In a meeting Tuesday night at the Finance Ministry, IEC said it needed urgent aid of between NIS 1 billion and NIS 1.4 billion. It said the bailout could come via a cash injection from the state as the company's controlling shareholder or via state guarantees that would let IEC raise money in the market.
At an energy conference at the start of the week, IEC Chairman Yiftach Ron-Tal said "the Electric Corporation is in a terrible financial crisis." But some of the pressure may have been eased by a decline in world energy prices.
The demand for extra aid is angering treasury officials, who made around NIS 2 billion in state guarantees to the company in August. At the time, IEC said the backing would be sufficient to get it through the end of 2012. In March, IEC issued NIS 4.5 billion in bonds, also with government backing, as well as another NIS 1.5 billion in May and NIS 2.9 billion in July.
But the summer saw record use of electricity, forcing IEC to buy extra fuel after it had lost access to low-cost Egyptian natural gas.
The immediate background to the crisis is the utility's error in forecasting cash flow to the end of this year. IEC reported the mistake in September and has sought unsuccessfully to cover the shortfall. The company has had to revise its estimate of the cash flow shortfall several times.
Management identified what caused the error and has retained Goren Capital, a consulting firm, to investigate. Goren is due to report its findings next week.
Pointing to the accounting error and the failure after a month to uncover its causes, government officials for the first time ever have expressed concerns about IEC's management abilities.
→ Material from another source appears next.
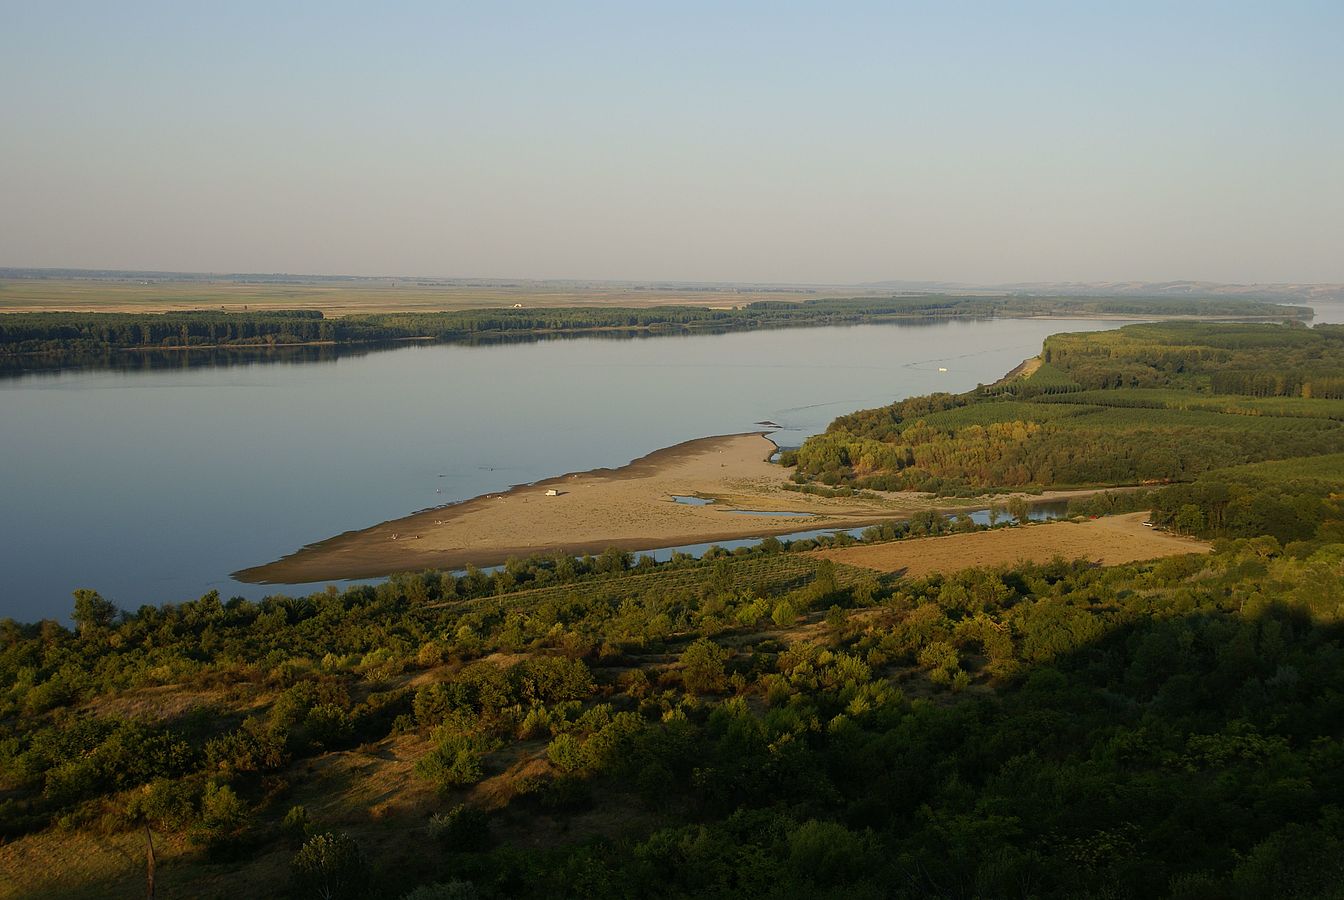 Wasser kennt Grenzen - Zustand der Flüsse in Ost und West unterscheidet sich stark

Yesterday, they questioned the ability of its executives to cope with the company's financial challenges.
The treasury has refused to discuss any financial rescue until it gets a proper report on the cash flow error. It plans to insist that IEC first tap internal sources of capital, such as delaying payments to suppliers and postponing infrastructure projects.
Also at yesterday's meeting, treasury officials insisted that IEC take back around NIS 2.1 billion that was put into a fund for employees without the required authorization. Last March, the utility agreed to take back around NIS 600 million, but that process has been ensnared in problems.
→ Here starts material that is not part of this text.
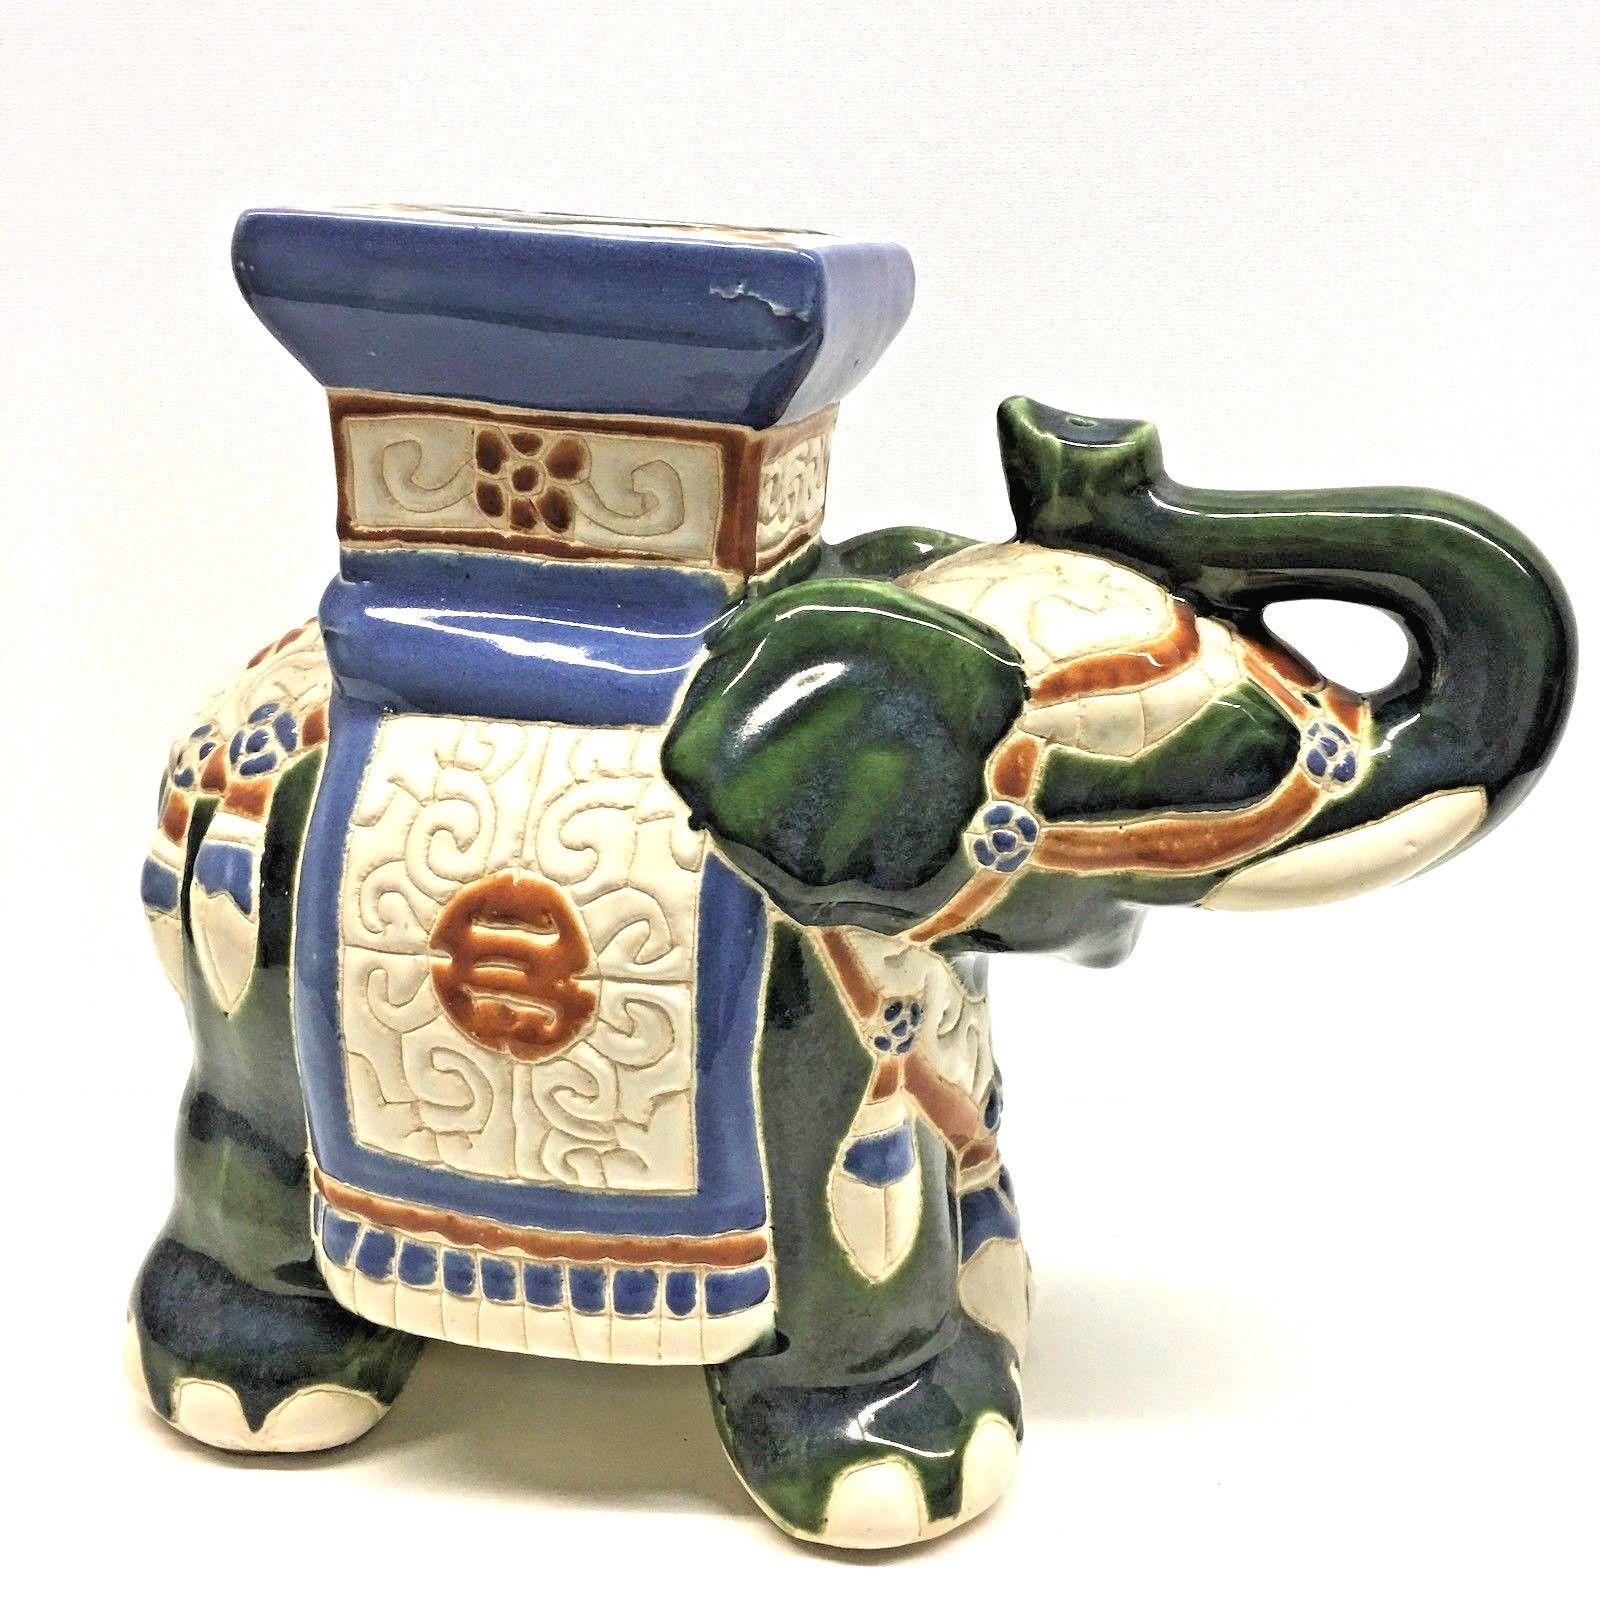 Mitte des 20. Jahrhunderts glasierter Keramik-Elefanten-Gartenhocker, Blumentopfsitz oder Beistelltisch. Handgefertigt aus Keramik. Eine schöne Ergänzung für Ihr Haus, Ihre Terrasse oder Ihren Garten.
 

In September, IEC reported a cash flow "hole" of NIS 1.5 billion because of the higher cost of buying fuel over the summer. IEC had been using cheaper Egyptian natural gas to fire up its plants until the Egyptians rescinded the contract last April.
But more recently people inside and outside IEC have expressed doubt about the explanation. Among the possible causes of the cash flow shortfall are a financial-reporting error whereby various units of the utility were not providing correct figures to one another. Two weeks ago Zaharia Kay, the manager of the company's financial division, stepped down as part of an early-retirement program.